About this exercise
Please write out exactly the lines of the data below from the line holding "712 Bildschirmschoner und" through the line holding "Những khoảnh khắc", and leave out the rest.

Stored entries:
▽
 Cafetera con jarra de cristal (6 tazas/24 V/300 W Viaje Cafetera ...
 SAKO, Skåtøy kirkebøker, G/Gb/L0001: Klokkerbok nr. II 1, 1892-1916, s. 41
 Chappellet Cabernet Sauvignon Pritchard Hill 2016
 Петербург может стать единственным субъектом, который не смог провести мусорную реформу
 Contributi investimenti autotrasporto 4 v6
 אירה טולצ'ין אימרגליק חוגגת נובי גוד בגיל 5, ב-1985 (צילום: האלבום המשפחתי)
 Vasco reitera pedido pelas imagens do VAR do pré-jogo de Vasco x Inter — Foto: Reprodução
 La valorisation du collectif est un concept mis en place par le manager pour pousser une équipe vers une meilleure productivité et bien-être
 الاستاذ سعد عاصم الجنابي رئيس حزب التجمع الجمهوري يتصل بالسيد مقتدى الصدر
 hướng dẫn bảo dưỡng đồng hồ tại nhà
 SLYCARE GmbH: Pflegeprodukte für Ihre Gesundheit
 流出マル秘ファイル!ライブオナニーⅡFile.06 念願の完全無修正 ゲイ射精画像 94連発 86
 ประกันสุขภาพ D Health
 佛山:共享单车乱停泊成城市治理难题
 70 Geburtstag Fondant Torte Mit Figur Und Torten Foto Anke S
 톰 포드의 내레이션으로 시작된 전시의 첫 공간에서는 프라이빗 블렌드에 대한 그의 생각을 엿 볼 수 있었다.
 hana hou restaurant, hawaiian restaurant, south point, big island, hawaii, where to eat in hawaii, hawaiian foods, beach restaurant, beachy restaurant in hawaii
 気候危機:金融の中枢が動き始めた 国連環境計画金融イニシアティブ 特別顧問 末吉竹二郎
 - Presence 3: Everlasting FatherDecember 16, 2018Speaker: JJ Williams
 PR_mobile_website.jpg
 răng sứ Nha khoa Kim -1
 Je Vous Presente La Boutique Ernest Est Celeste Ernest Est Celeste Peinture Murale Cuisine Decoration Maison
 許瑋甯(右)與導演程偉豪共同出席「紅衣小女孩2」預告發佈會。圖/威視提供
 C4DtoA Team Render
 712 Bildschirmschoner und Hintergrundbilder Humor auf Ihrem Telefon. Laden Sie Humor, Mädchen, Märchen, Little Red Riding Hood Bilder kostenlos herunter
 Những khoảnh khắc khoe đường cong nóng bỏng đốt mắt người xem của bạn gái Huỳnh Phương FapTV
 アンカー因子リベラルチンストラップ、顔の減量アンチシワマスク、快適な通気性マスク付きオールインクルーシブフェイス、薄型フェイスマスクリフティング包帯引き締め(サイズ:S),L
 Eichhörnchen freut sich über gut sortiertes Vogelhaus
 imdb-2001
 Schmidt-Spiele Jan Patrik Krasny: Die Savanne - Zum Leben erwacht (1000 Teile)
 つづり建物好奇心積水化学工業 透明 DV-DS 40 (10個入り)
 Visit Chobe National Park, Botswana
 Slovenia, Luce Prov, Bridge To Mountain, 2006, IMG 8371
△
Result of the exercise
 712 Bildschirmschoner und Hintergrundbilder Humor auf Ihrem Telefon. Laden Sie Humor, Mädchen, Märchen, Little Red Riding Hood Bilder kostenlos herunter
 Những khoảnh khắc khoe đường cong nóng bỏng đốt mắt người xem của bạn gái Huỳnh Phương FapTV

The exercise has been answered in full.